O Ministério da Fazenda liberou, nesta sexta-feira (14), cinco operações de crédito com garantia da União destinadas a São Paulo, Piauí, Maranhão, Pernambuco e Rondônia. O prazo para que os estados assinem os contratos com as instituições financeiras federais — entre elas Banco do Brasil, Caixa Econômica Federal e BNDES — vai até 7 de setembro, em razão do período eleitoral.
Em entrevista a jornalistas, o ministro da Fazenda, Dario Durigan, informou a destinação inicial dos recursos conforme os projetos apresentados por cada unidade federativa.
1. São Paulo: R$ 5,4 bilhões tomados no Banco do Brasil, com aval da União, destinados a projetos de mobilidade urbana relacionados a metrô e trens. Entre as intervenções previstas estão a extensão da Linha 5-Lilás, a expansão da Linha 6-Laranja, melhorias nas Linhas 8-Diamante e 9-Esmeralda, e a modernização das Linhas 11-Coral, 12-Safira e 13-Jade, além de obras de travessias hídricas e do projeto da rodovia Tamoios.

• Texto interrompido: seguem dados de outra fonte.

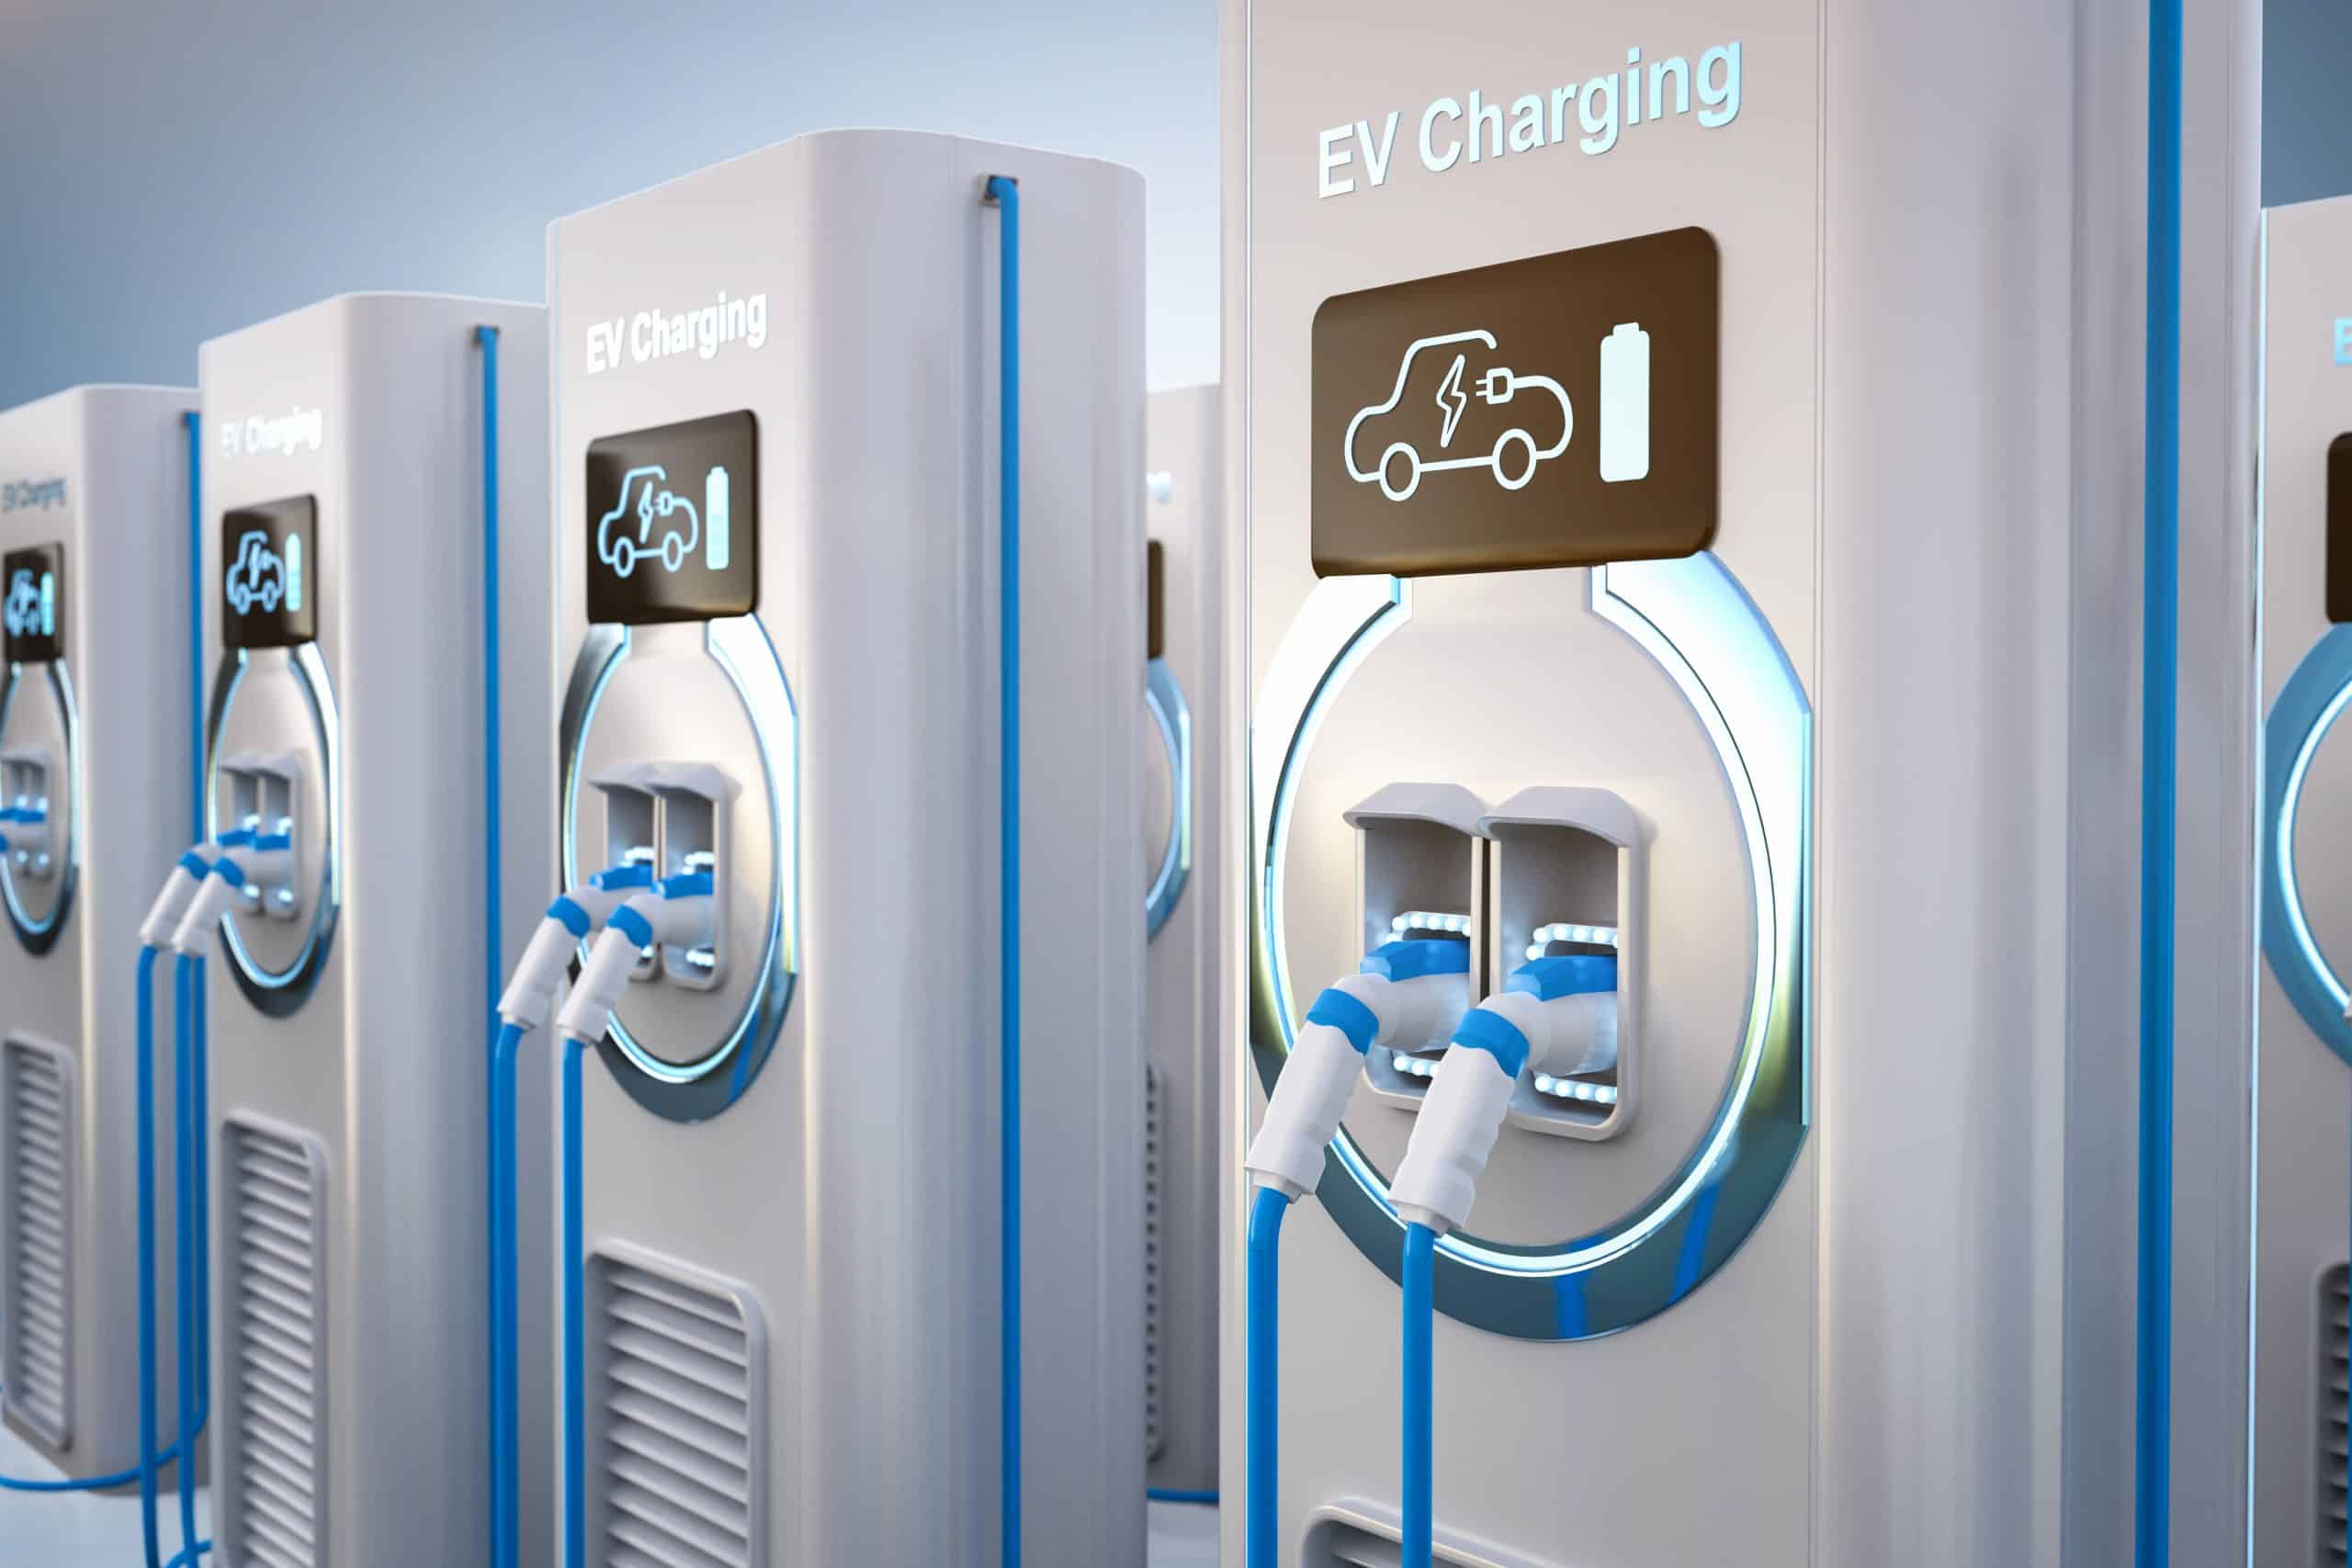 Octopus Energy Generation funds EV charging infrastructure in the North
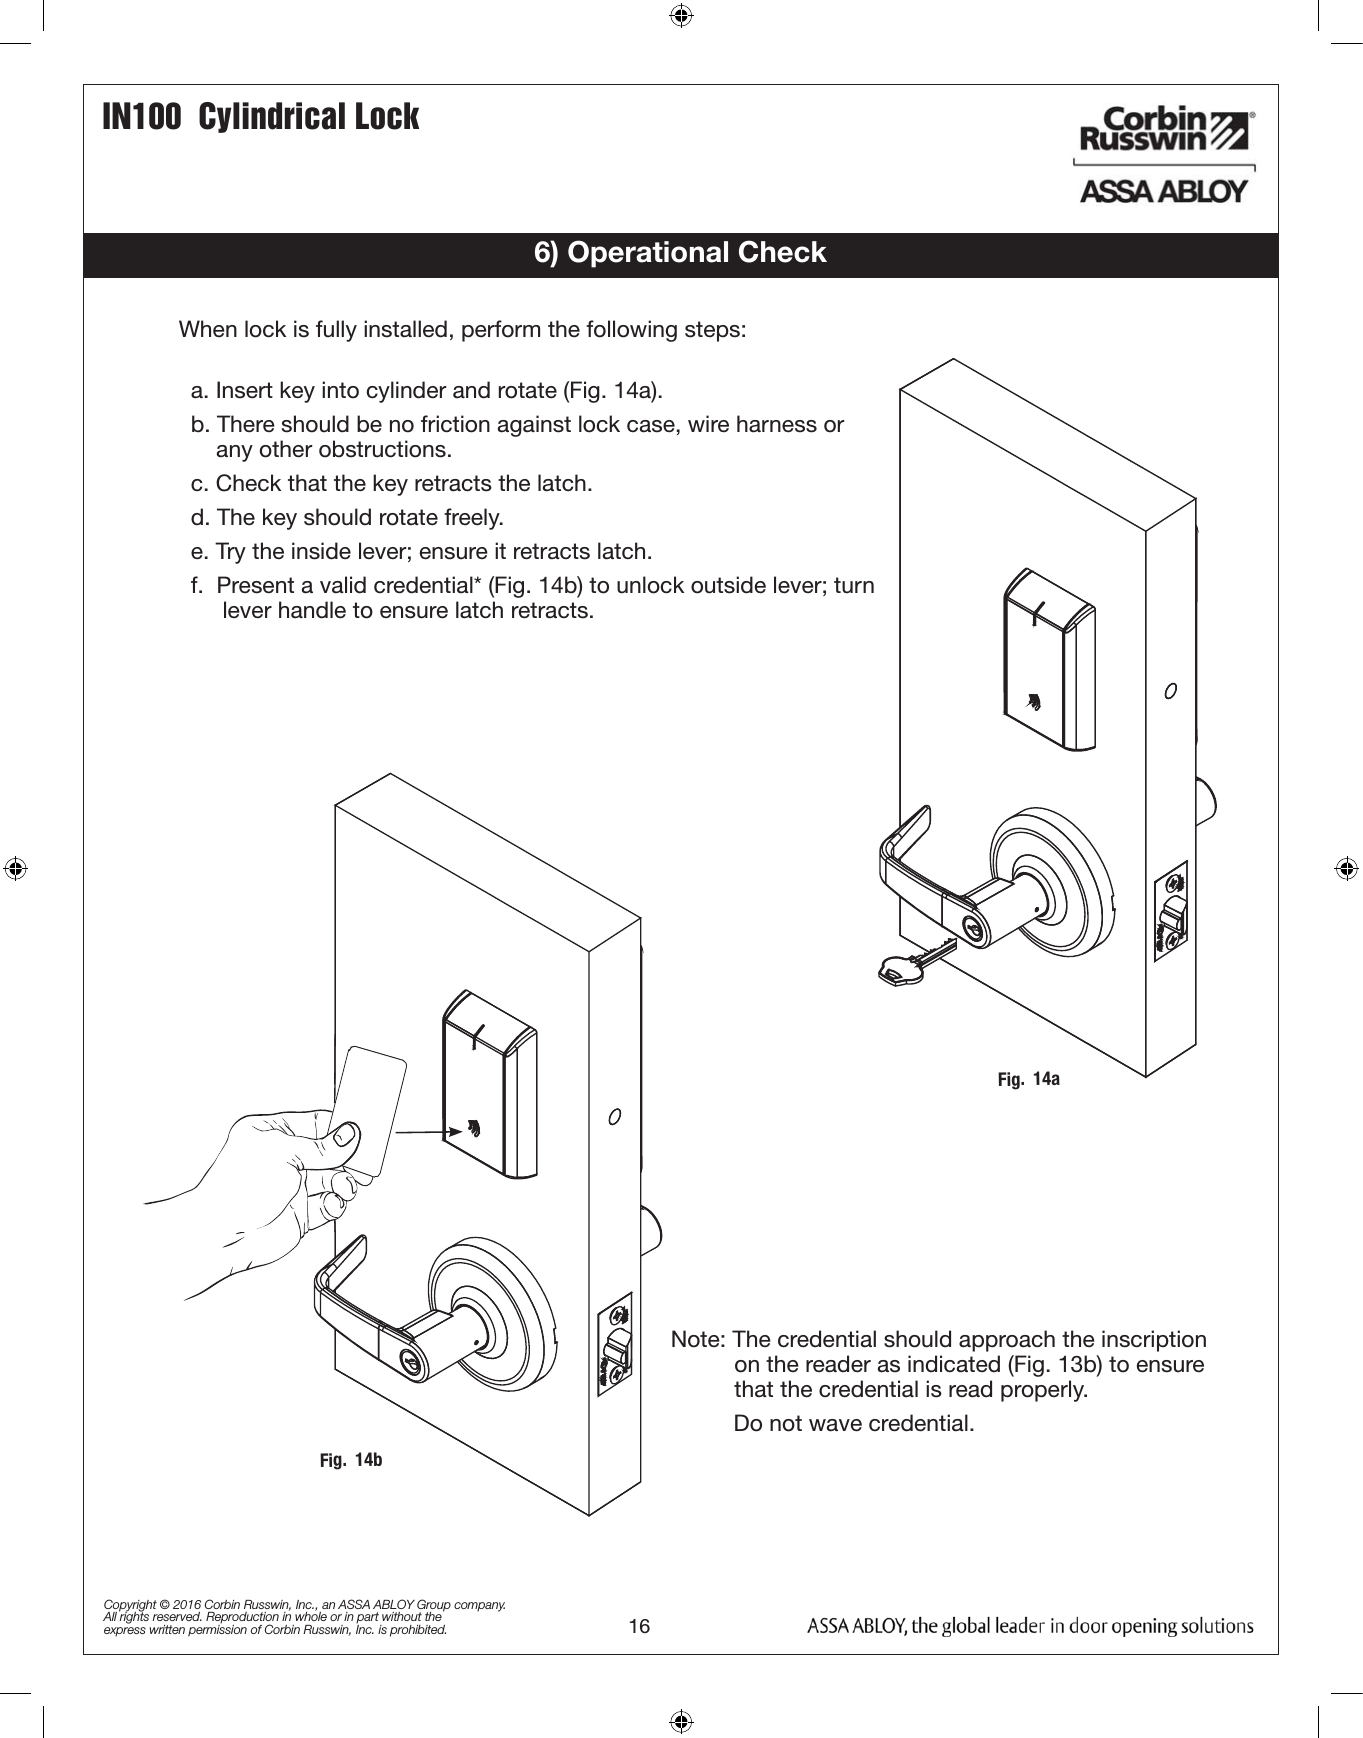 16IN100  Cylindrical LockCopyright © 2016 Corbin Russwin, Inc., an ASSA ABLOY Group company. All rights reserved. Reproduction in whole or in part without the express written permission of Corbin Russwin, Inc. is prohibited.6) Operational Checka. Insert key into cylinder and rotate (Fig. 14a). b. There should be no friction against lock case, wire harness or          any other obstructions.c. Check that the key retracts the latch.d. The key should rotate freely.e. Try the inside lever; ensure it retracts latch.f.  Present a valid credential* (Fig. 14b) to unlock outside lever; turn       lever handle to ensure latch retracts.Fig.  14aFig.  14bWhen lock is fully installed, perform the following steps:Note: The credential should approach the inscription             on the reader as indicated (Fig. 13b) to ensure                         that the credential is read properly.       Do not wave credential.

2. Piauí: R$ 4,9 bilhões de crédito do Banco do Brasil, voltados a investimentos em infraestrutura de transporte (rodovias), obras de urbanização, recursos hídricos, transformação digital, aporte em estatais e ações nas áreas de agricultura, cultura e esporte.
3. Maranhão: R$ 1,3 bilhão em operação com o Banco do Brasil para obras de infraestrutura rodoviária.
4. Pernambuco: R$ 985 milhões contratados na Caixa Econômica Federal para o Programa de Desenvolvimento Sustentável e Crescimento Econômico, com foco em infraestrutura hídrica e saneamento básico.
5. Rondônia: R$ 323 milhões obtidos junto ao Bradesco para investimentos em infraestrutura rodoviária e urbana, incluindo aumento da iluminação pública, revitalização de praças e melhorias em parques e complexos esportivos.
Questões e defesa do ministério
A liberação para São Paulo ocorreu horas depois do governo estadual ter acionado o Supremo Tribunal Federal (STF) para cobrar o aval da União em obras locais de mobilidade urbana. Indagado sobre a rapidez da autorização, Durigan afirmou que não houve influência externa e que as avaliações já estavam em curso. “Nós não vamos funcionar nunca sob pressão, mas sim no esclarecimento de um rito que funciona, sempre funcionou e vai seguir funcionando com o espírito federativo. Nenhuma ação no Supremo, de qualquer estado que seja, interfere nos nossos processos internos”, disse o ministro.
Durigan destacou ainda a cooperação federativa como ferramenta para fomentar investimentos regionais e informou que, desde 2023, a União já concedeu garantias a operações de crédito na ordem de R$ 270 bilhões. Outras solicitações de estados e municípios seguem em análise técnica e devem ser anunciadas em lotes.